The basic usage of TagCleaner is:

$ tagcleaner.pl [-fasta|-fastq] input_reads.[fasta|fastq] [-predict|-tag3|-tag5] [options]

where input_reads.[fasta|fastq] is an input file of sequence data in fasta/fastq format, and options are additional parameters that can be found in the TagCleaner manual.

Required parameter for TagCleaner is the tag sequence. If the tag sequence is unknown, then the -predict option will provide the predicted tag sequence to the user. If the tag sequence is known and is found at the 3' end of the read, then the option -tag3 <tag_sequence> is used. If the tag sequence is known and is found at the 5' end of the read, the the option -tag5 <tag_sequence> is used.
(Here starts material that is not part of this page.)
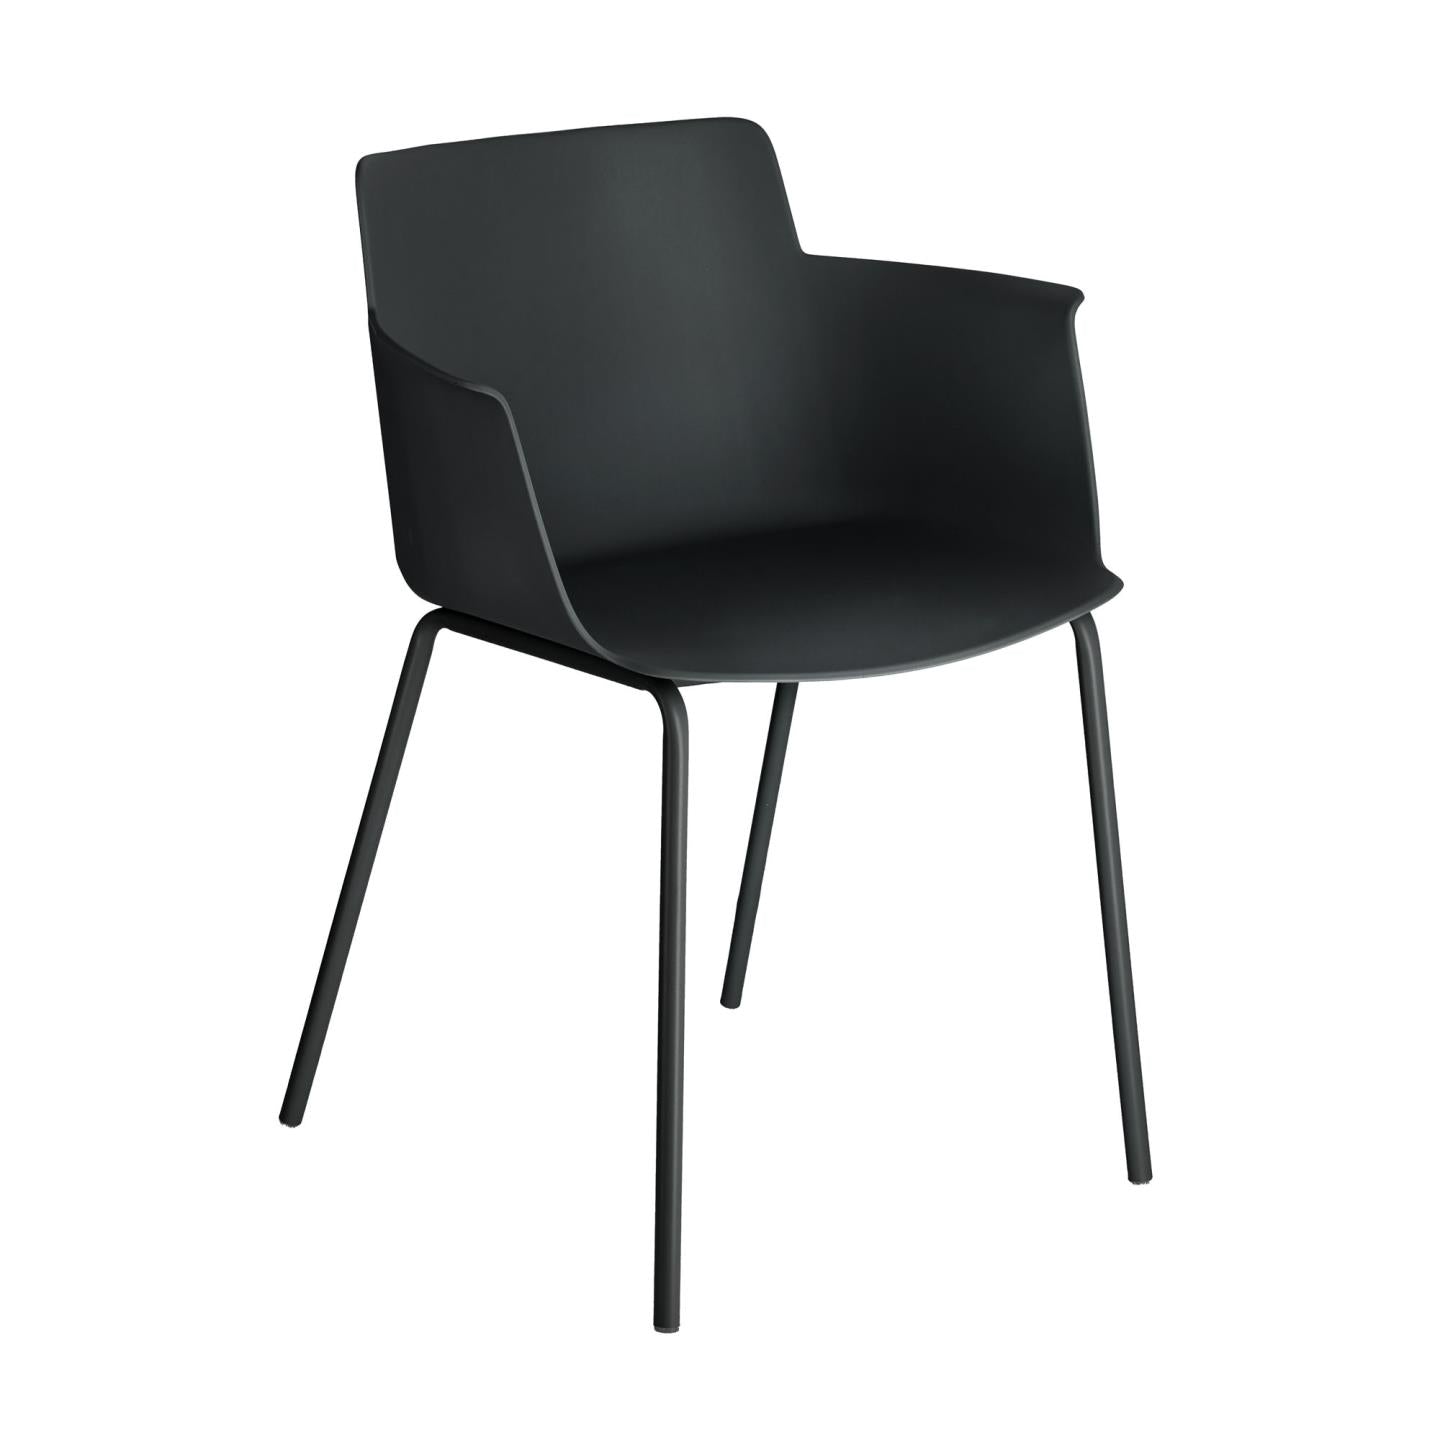 Hannia black chair with arms

More information about the TagCleaner options can be found by using:

$ tagcleaner.pl --help

Simple TagCleaner script for removing known 3' and 5' tag sequences (NNNCCAAACACACCCAACACA and TGTGTTGGGTGTGTTTGGNNN respectively) is shown below:

#!/bin/bash
#SBATCH --job-name=TagCleaner
#SBATCH --nodes=1
#SBATCH --ntasks-per-node=1
#SBATCH --time=168:00:00
#SBATCH --mem=10gb
#SBATCH --output=TagCleaner.%J.out
#SBATCH --error=TagCleaner.%J.err

module load tagcleaner/0.16

tagcleaner.pl -fasta input_reads.fasta -tag3 NNNCCAAACACACCCAACACA -tag5 TGTGTTGGGTGTGTTTGGNNN

TagCleaner is single threaded program, and therefore both #SBATCH --nodes and #SBATCH --ntasks-per-node are set to 1.

TagCleaner Output¶

TagCleaner returns fasta or fastq file of reads with removed tag sequences.